From reading background information on these errors, it appears to be a memory management problem, as Segmentation Faults are accessing memory I can't access, Bus Errors are accessing memory that isn't there, and munmap_chunk()
is passing the wrong pointer to a FREE instruction. But I'm relying on Fortran 95's inbuilt memory management to handle this for me. Monitoring htop
while code is executing shows me that my CPU usage on one core spikes, but memory usage stays constant.
My question is two-fold: what is causing these errors, and how can one debug this further in general?
There is a simple way to debug this: use debug flags.

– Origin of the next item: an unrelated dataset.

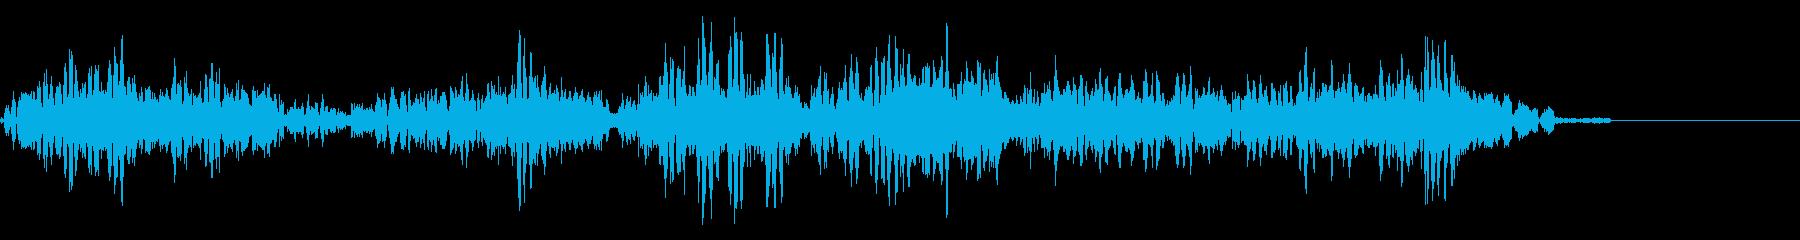 KANT 近未来宇宙人の声効果音1の再生済みの波形
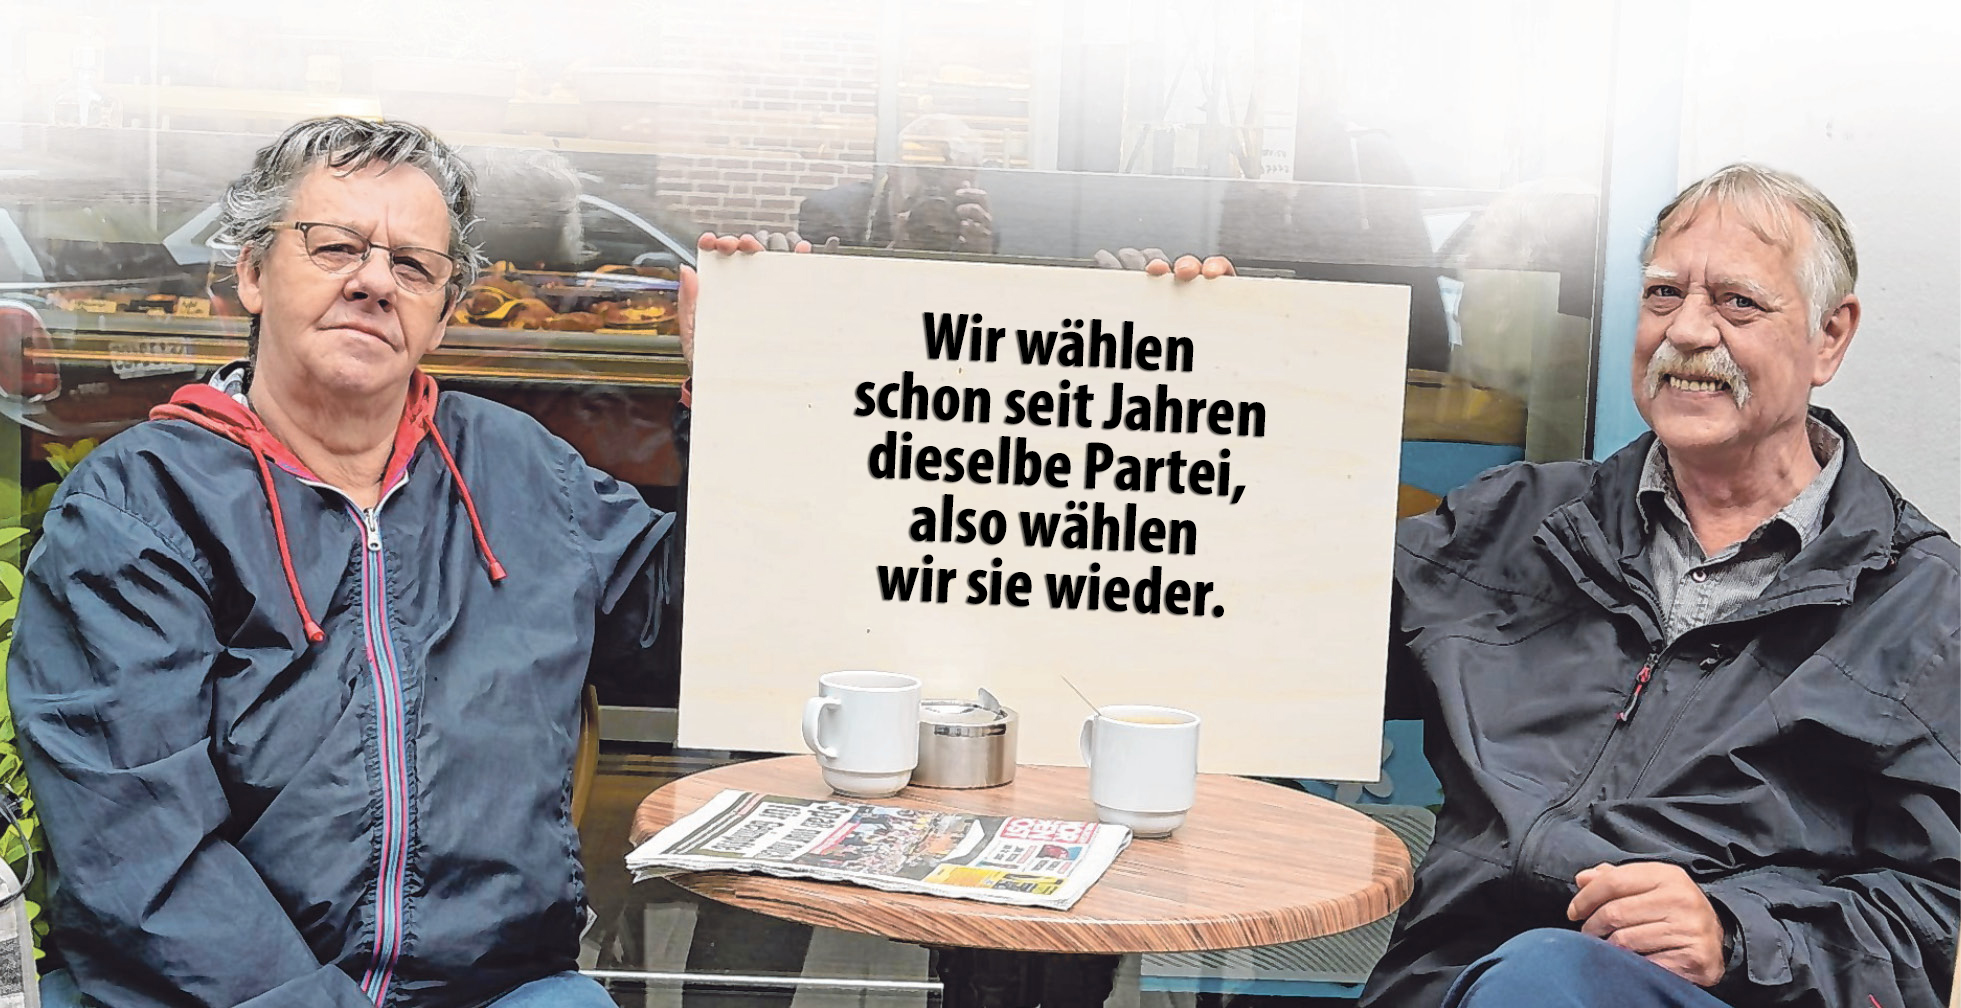 Das Rentner-Ehepaar Bärbel (72) und Bernd (67) Köhnke aus Barmbek-Süd.

You may know that if you're compiling FORTRAN with gfortran, you can pass -fcheck=bounds
to the gfortran
command. Similarly, you can pass --opt='-fcheck=bounds'
to the f2py3
command to debug the issue.
I was trying to access an array wrong. Consider line 122 of the pastebin:
bin_low = floor(NBins * (x1 - NBins) / (NBins))
If x1 = 0
, then bin_low = -NBins
. Which, since NBins
(the number of bins you have) is positive, becomes negative. You can't index into an array with a negative index in FORTRAN -- that's accessing invalid memory, a.k.a a seg fault.
The solution here is to constrain the index:
bin_low = max(1, floor(NBins * (x1 - NBins) / (NBins)))
That way, if the formula gives you a negative bin, you access the first bin instead. (Remember, FORTRAN is 1-indexed)